Task to carry out —
Copy the listing below letter for letter, passing over each picture.

Dataset extract —
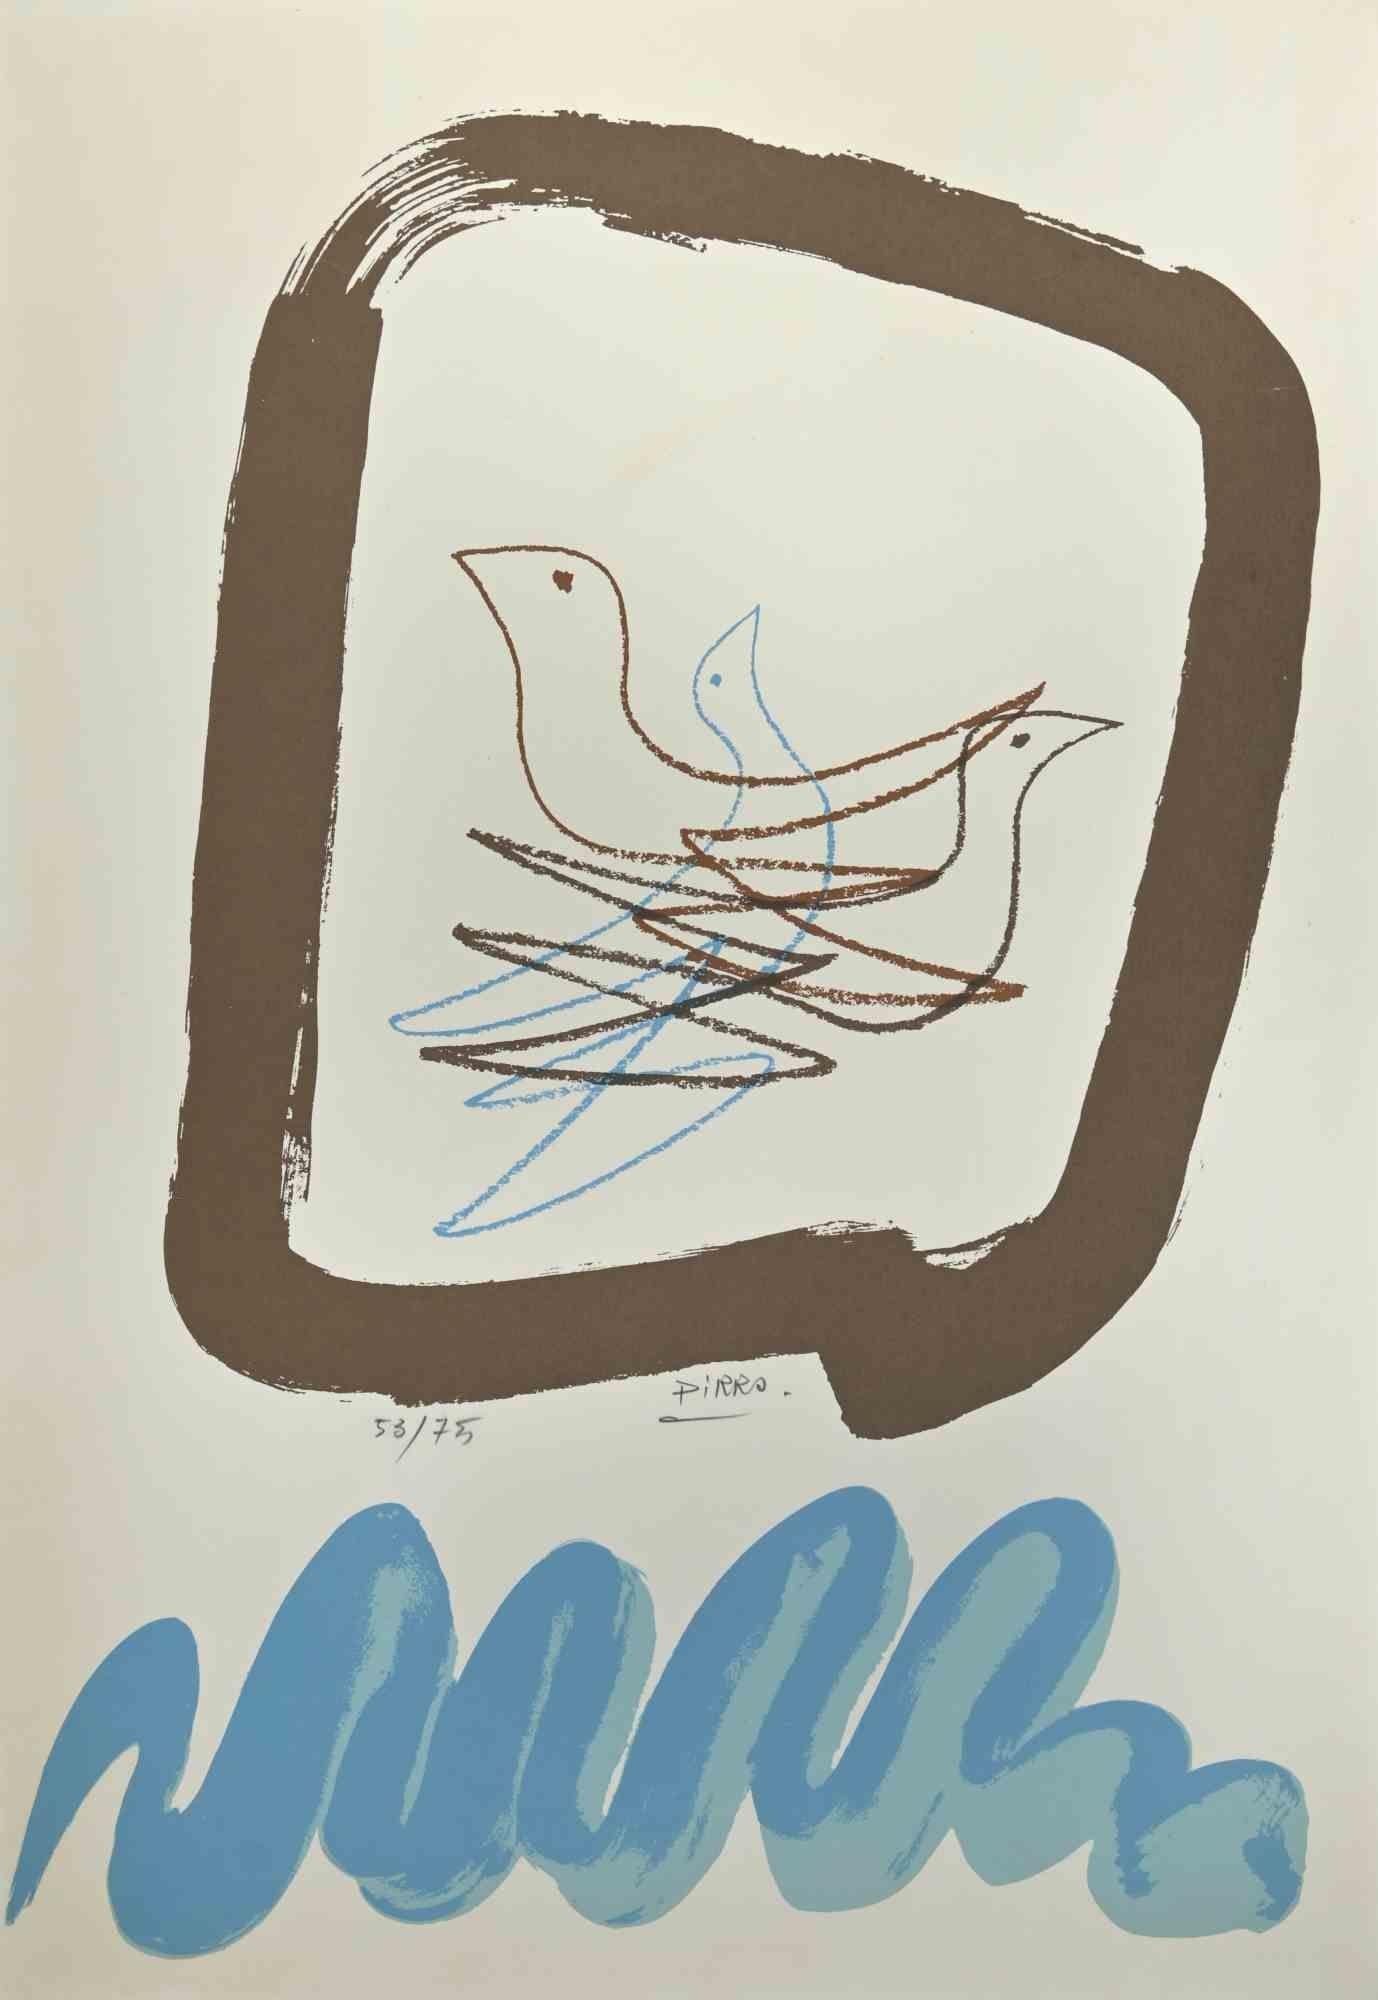 Birds is a lithograph realized by Marcello Pirro.  

Hand-signed, numbered, edition of 53/75 prints.

The state of preservation is very good.

The artwork represents a brilliant composition with birds nest in a brownish frame, down a water shape in

Completed task —
 Birds is a lithograph realized by Marcello Pirro.  

Hand-signed, numbered, edition of 53/75 prints.

The state of preservation is very good.

The artwork represents a brilliant composition with birds nest in a brownish frame, down a water shape in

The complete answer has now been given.